We know some secrets about avoiding running injuries.
What is an ankle sprain?
An ankle sprain is an injury to the ligaments that connect the bones of your foot to your leg. It is often the result of landing awkwardly or twisting your ankle, which can stretch or tear the ligaments. You normally feel pain immediately after the injury and it can range from mild to severe. Severe ankle sprains may also result in bone and joint damage.
It’s more common to damage the ligaments on the outside of the ankle, which usually causes the following symptoms:
Inability to put weight on the ankle
What causes an ankle sprain?
An ankle sprain occurs when you land awkwardly or twist your ankle, stretching the ligaments beyond their boundaries. The biggest risk factor for ankle sprain is actually previous ankle sprain — most people don’t take the time to rehabilitate their ankle properly after spraining it. This will almost certainly come back to bite you on the backside!

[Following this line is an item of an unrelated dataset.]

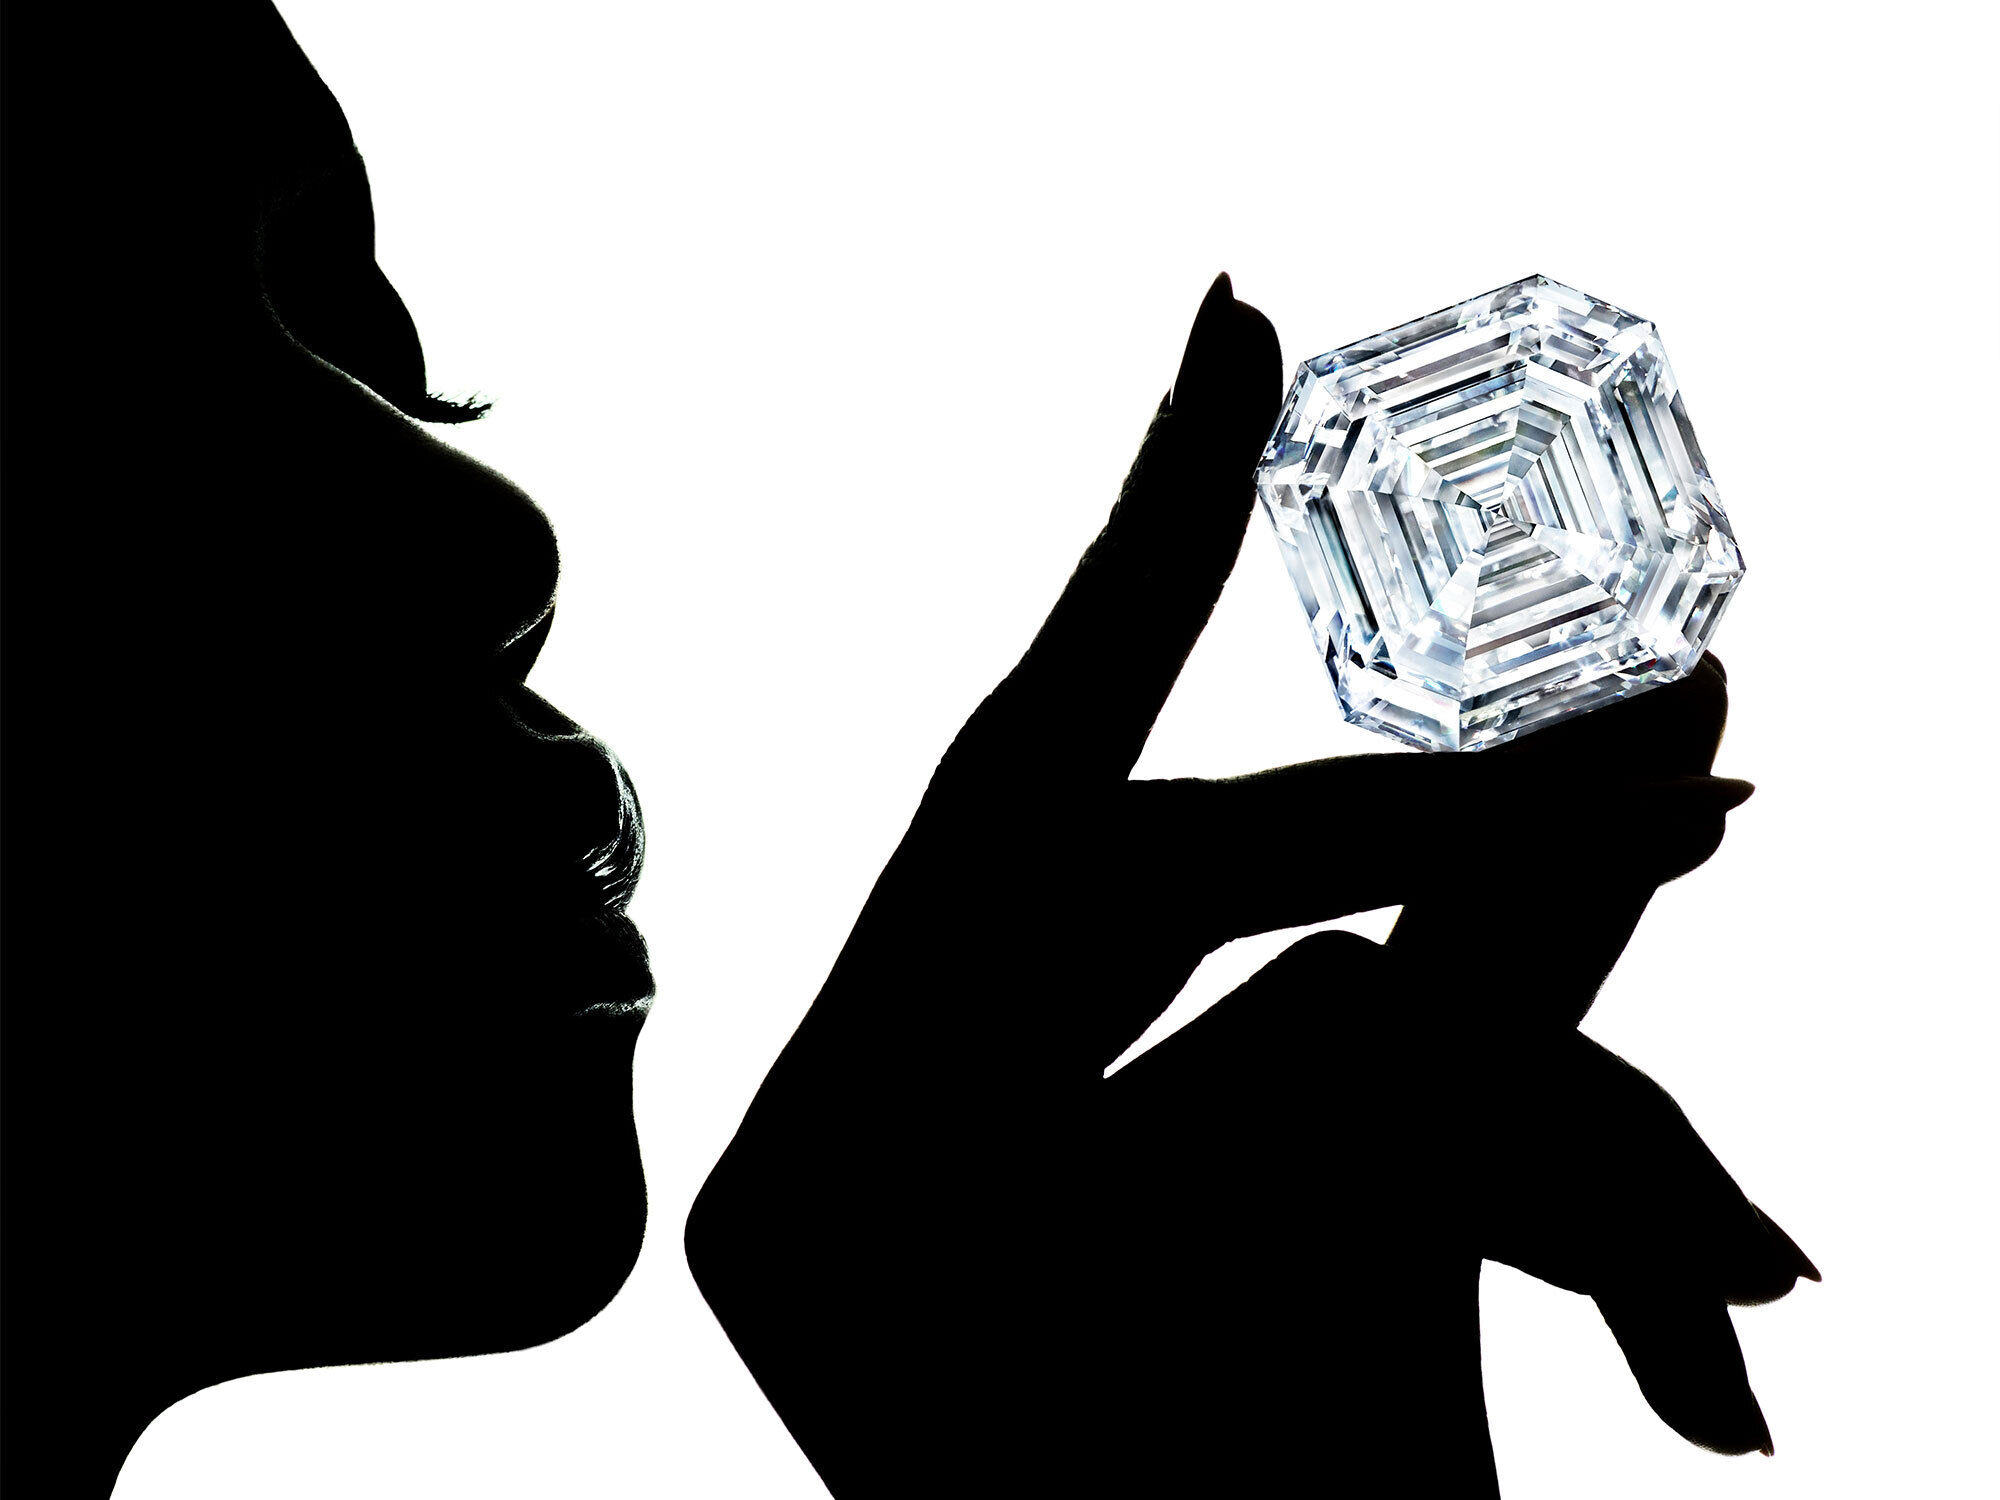 Shadow of model holding the Graff Lesedi La Rona diamond.

Playing sports such as netball, football and tennis can also increase the risk of ankle sprain as they require you to jump and change direction suddenly. Wearing inappropriate footwear can cause ankle sprain, so be careful in those heels on Crown Oaks Day! And people with high arch feet or poor lumbo-pelvic (core) stability tend to be more likely to sprain their ankle.
Treatment for an ankle sprain
As with many injuries, RICE (rest, ice, compression, elevation) is the first approach for treating an ankle sprain — especially in the first 72 hours. You may also wish to take an over-the-counter medication to help with the pain. It’s important to avoid applying heat and drinking alcohol in the short term as this usually increases the pain, swelling and bruising.
If you can’t put weight on your ankle, you may have fractured a bone as well. In this case, you should consult one of our experienced podiatrists immediately for assessment and to obtain a referral for a scan. If you can put weight on your ankle, it’s time to get it moving again. Your podiatrist will gently manipulate and mobilise your ankle and show you the most effective rehabilitation exercises. The earlier you start doing these exercises, the faster you’ll recover. The attention will then turn to preventing a recurrence. Potential preventative measures include footwear advice, taping, wearing a brace and orthotics. If you still have some pain or instability after this process, your podiatrist might recommend seeing a surgeon. However, this is rarely necessary.